### [Activity]
Whenever a line contains the string "navy", copy it out of the entries.

** Extracted entries follows **

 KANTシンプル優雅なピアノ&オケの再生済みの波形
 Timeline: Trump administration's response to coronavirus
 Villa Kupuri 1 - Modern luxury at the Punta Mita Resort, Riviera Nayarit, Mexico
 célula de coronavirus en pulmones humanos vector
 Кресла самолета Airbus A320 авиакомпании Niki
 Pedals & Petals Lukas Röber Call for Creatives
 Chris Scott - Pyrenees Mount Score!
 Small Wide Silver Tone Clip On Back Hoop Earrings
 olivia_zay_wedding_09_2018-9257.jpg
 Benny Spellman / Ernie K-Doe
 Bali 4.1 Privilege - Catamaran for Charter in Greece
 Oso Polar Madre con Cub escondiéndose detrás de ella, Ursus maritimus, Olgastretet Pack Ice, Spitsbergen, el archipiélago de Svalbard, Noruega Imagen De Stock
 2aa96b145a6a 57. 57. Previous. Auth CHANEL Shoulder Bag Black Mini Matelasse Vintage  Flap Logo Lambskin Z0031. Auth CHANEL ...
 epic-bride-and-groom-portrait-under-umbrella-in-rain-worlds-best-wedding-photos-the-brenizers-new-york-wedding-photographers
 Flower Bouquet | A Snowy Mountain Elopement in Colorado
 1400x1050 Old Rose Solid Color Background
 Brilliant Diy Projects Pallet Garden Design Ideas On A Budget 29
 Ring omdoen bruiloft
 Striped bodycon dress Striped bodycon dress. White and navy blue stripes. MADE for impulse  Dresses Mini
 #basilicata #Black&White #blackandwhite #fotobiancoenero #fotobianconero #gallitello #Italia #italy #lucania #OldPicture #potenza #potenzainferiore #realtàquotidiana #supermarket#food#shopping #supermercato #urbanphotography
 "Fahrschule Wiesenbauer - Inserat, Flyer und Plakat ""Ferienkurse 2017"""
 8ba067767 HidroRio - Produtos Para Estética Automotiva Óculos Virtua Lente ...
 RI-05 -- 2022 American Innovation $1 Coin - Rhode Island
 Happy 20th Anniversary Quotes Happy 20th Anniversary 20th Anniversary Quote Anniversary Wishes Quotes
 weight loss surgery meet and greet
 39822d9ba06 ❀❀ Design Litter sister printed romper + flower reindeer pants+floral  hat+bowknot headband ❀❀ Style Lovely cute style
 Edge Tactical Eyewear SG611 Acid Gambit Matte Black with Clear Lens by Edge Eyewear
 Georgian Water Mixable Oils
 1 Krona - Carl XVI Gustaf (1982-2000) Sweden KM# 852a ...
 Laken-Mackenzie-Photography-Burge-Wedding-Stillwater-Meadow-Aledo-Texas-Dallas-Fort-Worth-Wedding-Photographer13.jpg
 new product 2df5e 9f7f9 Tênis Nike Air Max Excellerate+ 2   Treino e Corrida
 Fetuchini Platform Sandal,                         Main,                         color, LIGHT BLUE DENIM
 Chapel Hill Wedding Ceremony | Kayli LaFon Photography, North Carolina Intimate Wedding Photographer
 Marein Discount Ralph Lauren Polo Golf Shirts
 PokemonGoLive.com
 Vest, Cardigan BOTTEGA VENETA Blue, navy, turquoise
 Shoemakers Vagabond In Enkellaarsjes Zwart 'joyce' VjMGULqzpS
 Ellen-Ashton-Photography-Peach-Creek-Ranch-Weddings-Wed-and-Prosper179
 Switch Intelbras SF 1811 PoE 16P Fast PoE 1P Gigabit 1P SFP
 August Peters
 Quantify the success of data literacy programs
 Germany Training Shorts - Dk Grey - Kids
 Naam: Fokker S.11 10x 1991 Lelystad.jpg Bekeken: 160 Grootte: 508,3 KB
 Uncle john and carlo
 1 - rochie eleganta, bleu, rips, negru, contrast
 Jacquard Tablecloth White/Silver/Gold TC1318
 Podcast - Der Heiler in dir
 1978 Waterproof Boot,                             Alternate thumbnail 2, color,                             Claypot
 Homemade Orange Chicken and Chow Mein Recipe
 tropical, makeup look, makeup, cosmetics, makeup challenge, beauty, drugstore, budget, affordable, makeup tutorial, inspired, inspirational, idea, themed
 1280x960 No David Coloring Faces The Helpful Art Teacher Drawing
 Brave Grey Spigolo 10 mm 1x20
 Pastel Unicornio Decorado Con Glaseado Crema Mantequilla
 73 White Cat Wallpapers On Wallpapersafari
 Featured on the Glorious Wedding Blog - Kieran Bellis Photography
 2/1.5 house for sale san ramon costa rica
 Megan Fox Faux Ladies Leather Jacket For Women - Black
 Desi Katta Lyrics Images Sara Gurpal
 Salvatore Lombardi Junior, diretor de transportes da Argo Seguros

** End of Extracted entries **

### [Response area]
 Striped bodycon dress Striped bodycon dress. White and navy blue stripes. MADE for impulse  Dresses Mini
 Vest, Cardigan BOTTEGA VENETA Blue, navy, turquoise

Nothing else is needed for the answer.